Okay, who have you judged or harmed today? What assumptions have you made? Sometimes best intentions carry the worst results. Regardless of what you wanted or meant.
In some ways, today is that day for me. Though the harm unintentionally came from me, the judgement was not mine to give. I felt no judgement towards anyone. I definitely felt it directed towards me. It was over something I wrote, apparently. Something I wrote without ill will. It carried, mainly, events of my past, that I shared for readers to relate too. It was my hope that by sharing this experience, other’s could benefit and learn something.
What the writing wasn’t, was a judgement of the decisions made of my past. I treasure every part of my life, though I may not have liked it all. I look at it as a learning tool, an adventure. I carry stories, both good and bad, with me everywhere I go. I am not going to rosy them up. Unfortunately, it has never been in me to do that. Most of the time, I look at it as just a fact of my life. I had better remember it. God gave me that tool. This is what I believe.
Unfortunately, I have been told, that the people I love and respect, felt it was written against them. As if they should carry shame or blame. I do not look at it that way. I do not feel they should be ashamed or held to blame. We are all human. I have not made perfect choices. They may not have made perfect choices. Let’s not focus on the imperfection, but on the words that made up the rest of the story. Let’s focus on the love. It is a fact of life that there are things we may not like about ourselves. Just because I remember things does not mean I hold blame or accusations. They were facts as I saw them and they made me who I am today. It is part of my imperfection. It is a part of what God made.

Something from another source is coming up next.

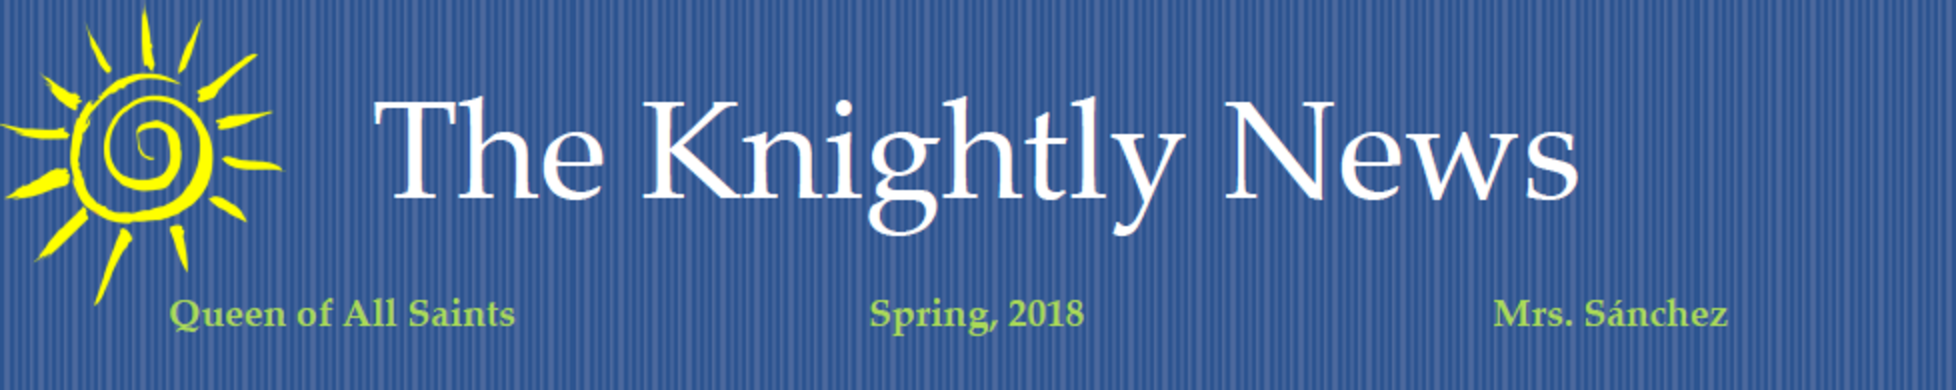 Knightly News Spring 2018
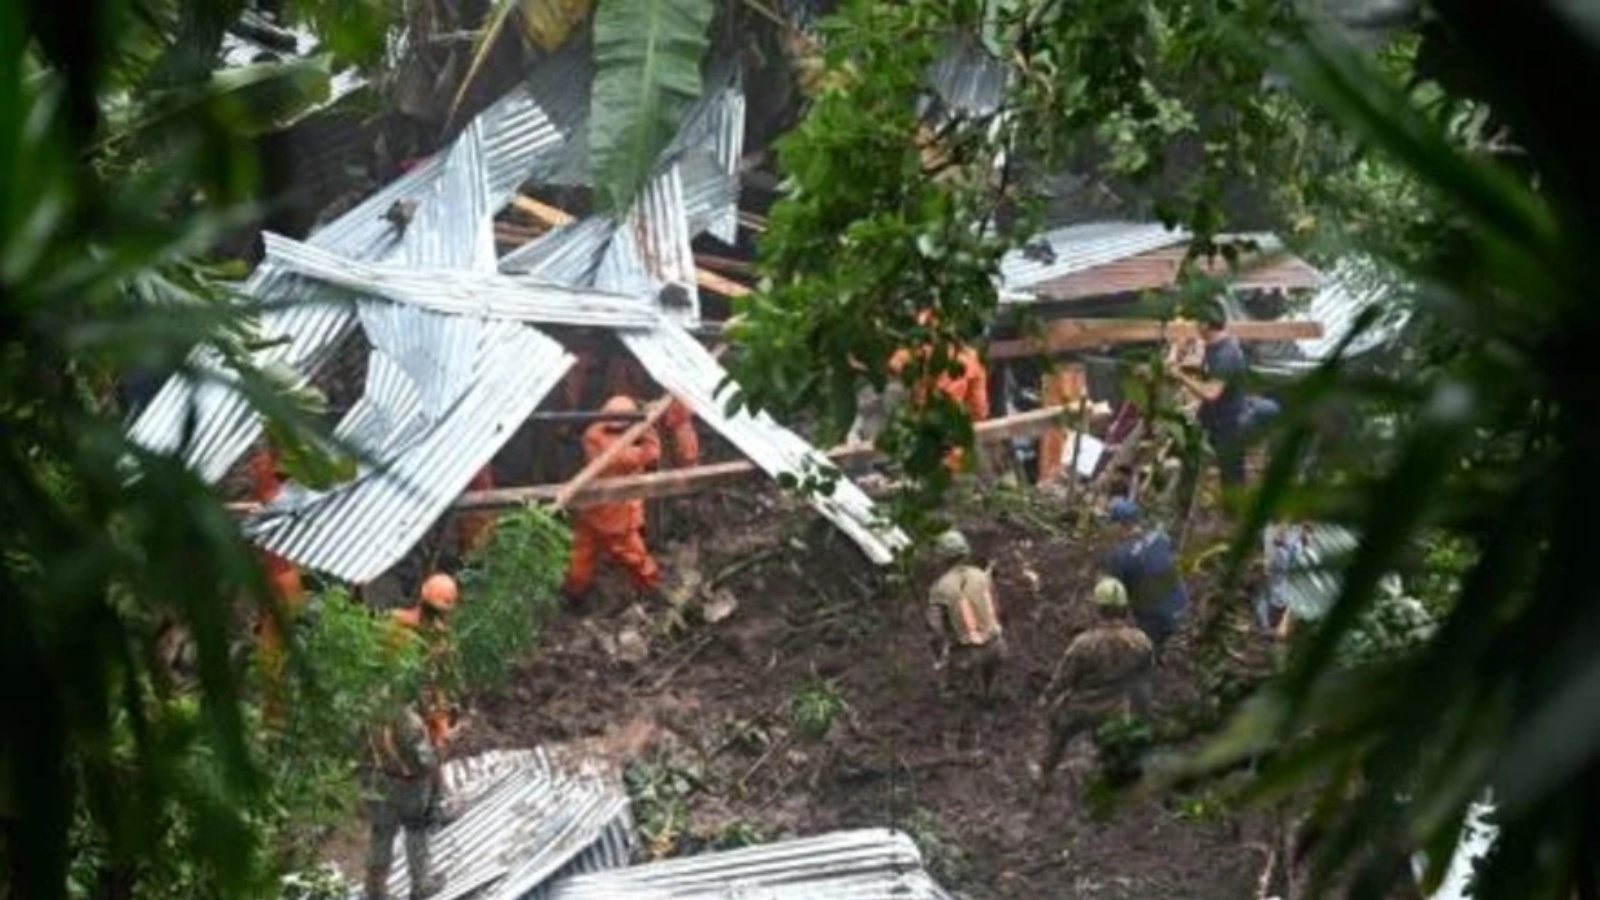  فرق إنقاذ تبحث عن ضحايا انهيار أرضي في قرية هويزوكار الواقعة على بعد 16 كلم جنوب غرب العاصمة سان سلفادور

How can I hate or hold grudges against the people who helped bring me to where I am today? How could they believe that that would be my intentions? Regardless, of what they may believe, I hold myself responsible for me. I am not angry at them. I bear no judgement towards them, so why do they hold judgement against me? For telling my story? For not painting it rosy? But who does that help if I paint my life perfect? It does not help me. It forgets a part of me. Should I hide my imperfect self? From what I am told, God loves all of me. He has shown me great forgiveness, and I have tried to do right by him. But I am not perfect. I never will be. According to God, this is all right. So why do I feel so horrible for remembering the “bad” as well as the good? For talking about it? It’s like saying that the bad things I have done and that have been done to me, they should be hidden and I should hold shame. I can bear the shame. I try not to repeat it.
The First Testament of the Bible, tells of God’s harsh punishments for the life that was led. Do we read that and decide that God is bad? There were famines, locusts, the flood, and, yet, we stand by God and we are grateful. Why can’t it be like that for me? Why can’t I write about the “famines, locusts, flood” and still be grateful for the love I received and the person it helped me become? After the flood, God swore he would no longer punish that way. We learned by his teaching. We did not hold him in contempt. We read it and we try to live by his teachings. We know he promised no more floods, yet we still try to live by his guidance. He promised not to spank us anymore, and we still loved him. More important, we loved him despite the famine, locusts, and flood. Am I to forget the First Testament simply because it does not paint a rosy picture? NO! I am to learn from it and be thankful. Why? Because this is life. This is what he told us and promised us. I had three human parents in my life. For this I was blessed. Just like I know I was blessed by the famine, the locusts, and the flood. They taught me, it taught them. We are all blessed.
So, I will not forget my past. I will not paint pretty words to make everyone “feel” comfortable. I will write what is in my heart and in my mind. These are what the people before me taught me. Do not hold yourself back for fear of your own shortcomings. Feel free to speak out loud. Know that, more than it doesn’t, it frees you…and I will be free…one day. These people before me held horrible stories, but they overcame. They were better. I hope I am “better”, but I am not so sure.
My story wasn’t about the so-called “bad” they did. It was about learning how a child felt and making a difference for the future. It was about stepping beyond what you were taught, and making a better life for someone else. Not for myself. My parent’s moved beyond the judgments they received. They taught me to do the same, regardless of the naysayers. All three of them showed me how to reach out. I was blessed by this. It is unfortunate if they do not see that I feel this way towards them. Because, they are the good in me. This I know.